卫凤炽说什么也得让外孙女嫁得风风光光,明明白白,不能稀里糊涂的就算了。
否则,现在糊弄过去,将来这人一步登天,若是薄情寡性,翻脸不认人,小怜被他坑了青春,都没处说理去。
陆九渊就这么被水灵灵的拒绝了。
此时若是换了任何一个有心求娶的年轻人,都会立刻站起来,拍着胸脯,誓言旦旦,保证会对人家的孙女儿一辈子好。
可他上位日久,到底与人不同。
此刻尴尬,便只是身子微微向后一倾,并不再说什么。
陆承志从旁识得脸色,立刻道:
“咳,在下作为九郎的叔父,冒昧说一句。”
“卫老爷子,眼下此时形势非常,九郎若仓促间给夫人补办一场婚礼,想必也是亏待了。
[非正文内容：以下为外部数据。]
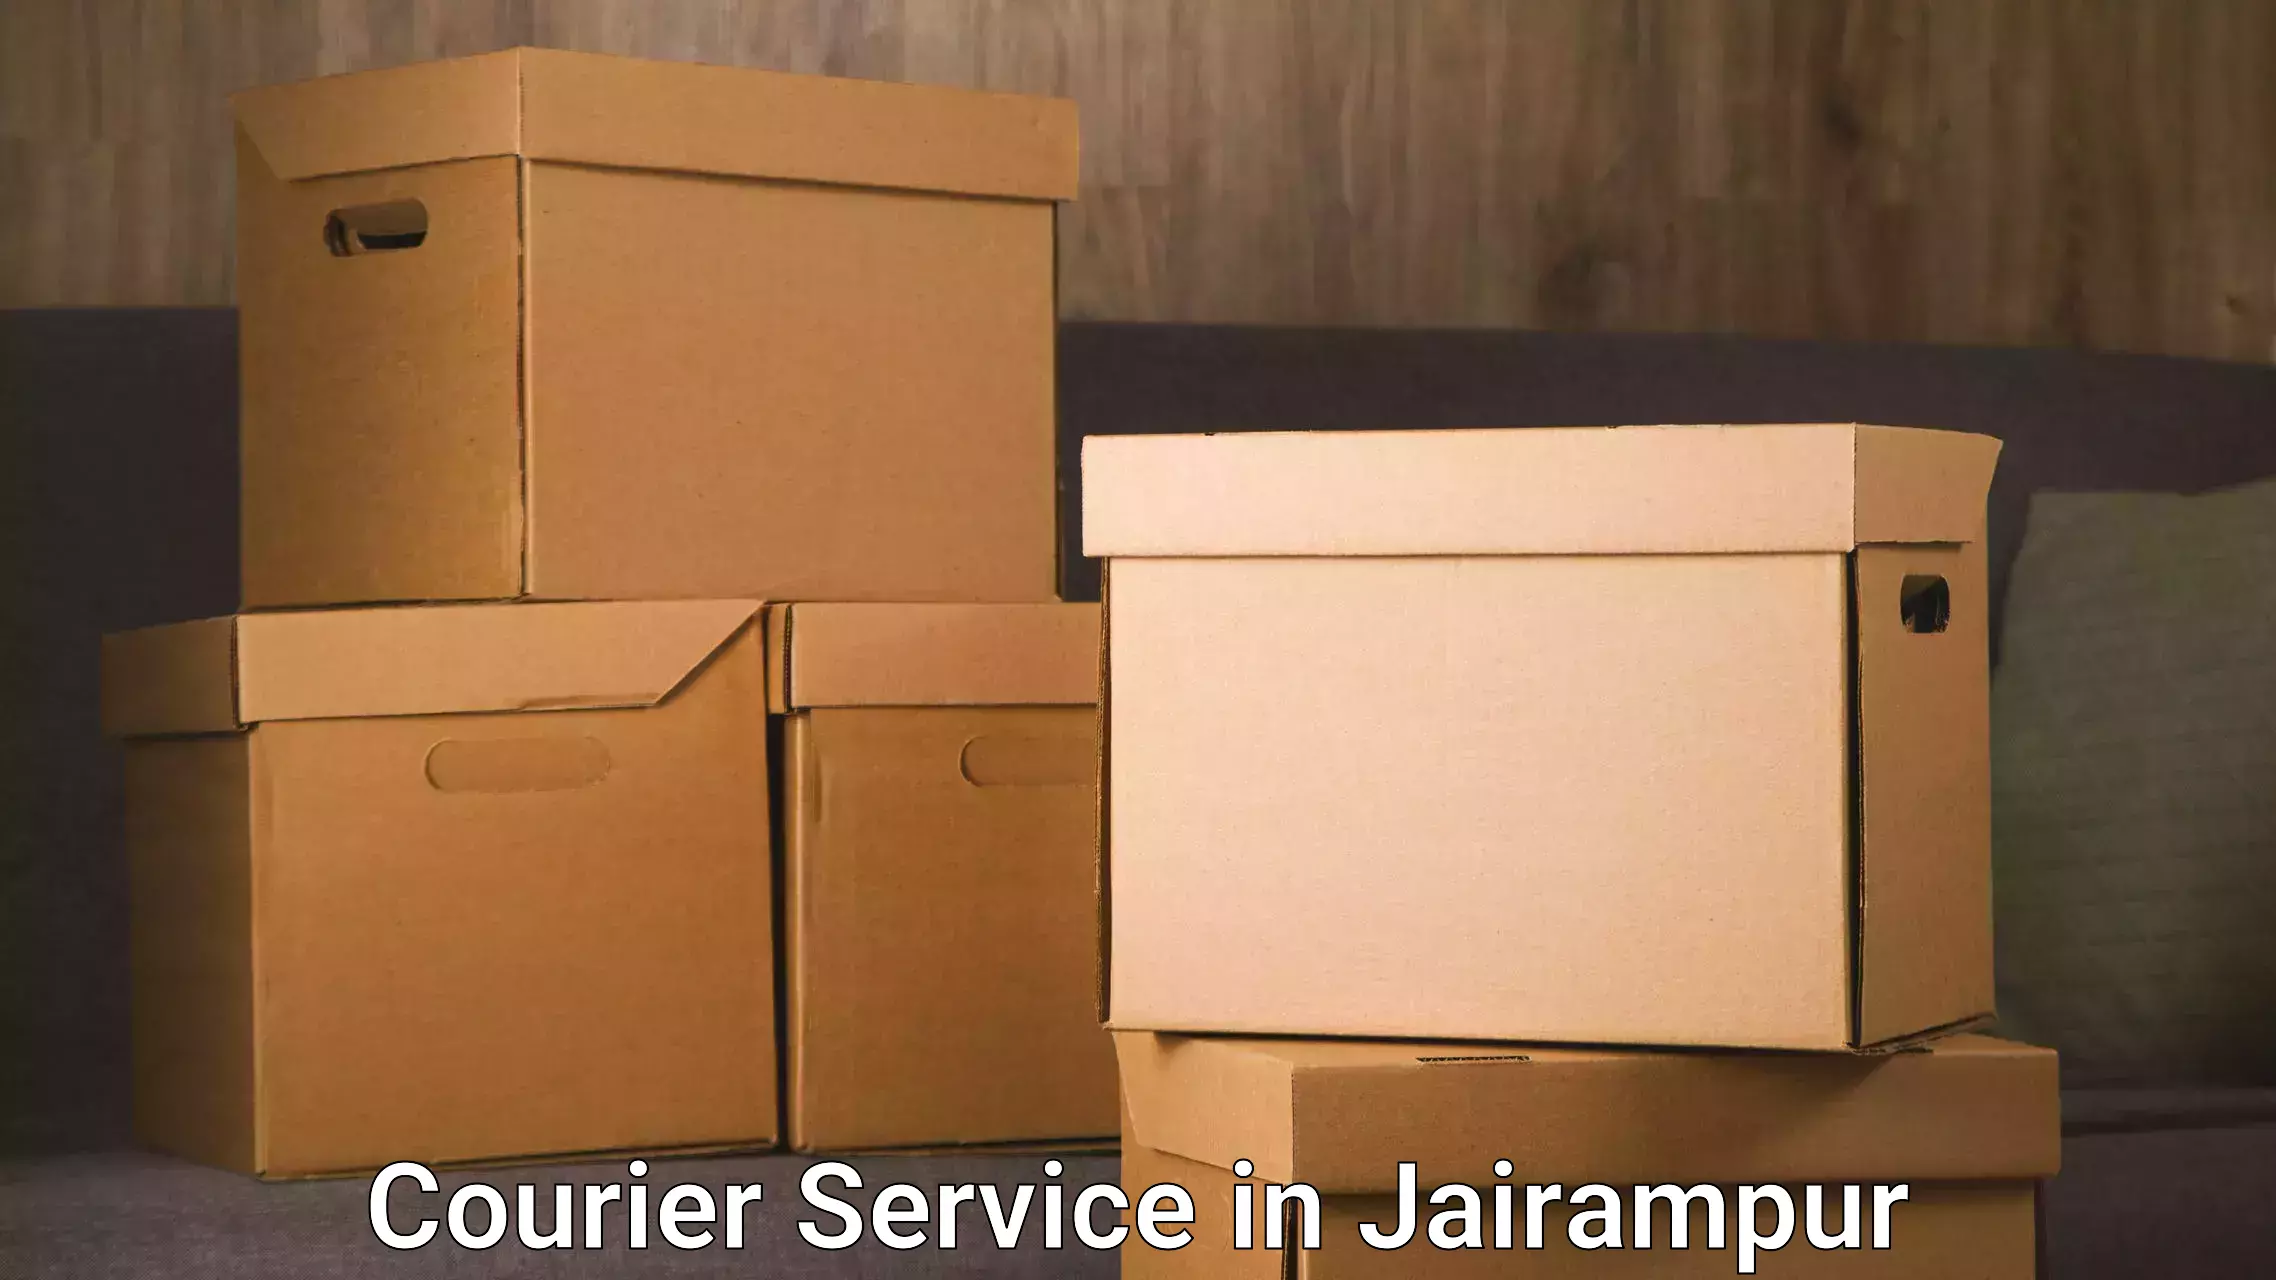 Scheduled delivery in Jairampur

”
“我家九郎向来务实,凡事只求最好,从不退而求其次,所以,请您千万不要计较这些表面功夫,待到大事一成,夫人必定贵不可言。”
卫楚仪啧了一声:“说的倒是也有几分道理,但可惜我们商户人家,在意的就是表面功夫。”
“就算所谓的承诺,也都必须白纸黑字,签字画押才算数。”
“九公子现在不方便我们也知道,我这当娘的也不逼迫。刚好我们小怜也正想重回膝下,做一阵子娇娇心肝宝贝,享受一番天伦之乐。”
“大家两全其美!”
说完,将杯中酒爽快地一口干了。
之后,“当”得一声,将酒盅撂在桌上。
仿佛这件事,就这么定了。
陆九渊立时不悦。
把宋怜从他身边夺走,等于剥他的皮,要他的命。
他什么事都干得出来。
但他不形于色,看了宋怜一眼。
宋怜与他微微蹙了一下眉,给了个眼色,示意他忍让一些,她娘就是那个脾气。
陆九渊便硬是将心里刚冒起来的这股子气给咽了下去。
“好,全听未来岳母大人的。”他也将杯中酒干了。
整场酒席,宋怜也不曾主动与林默白说些什么。
即便卫凤炽有意暗示,她也只是口称“舅父”,应付几句了事。
直到酒过三巡,卫楚仪寻了机会,将宋怜单独引了出去。
林默白已经在甲板上望着大海,静候多时了。
听见脚步声,他回转过头来,见了宋怜,不再如白日间人前那般克制感情,满眼都是父亲见了女儿的欣喜和期待。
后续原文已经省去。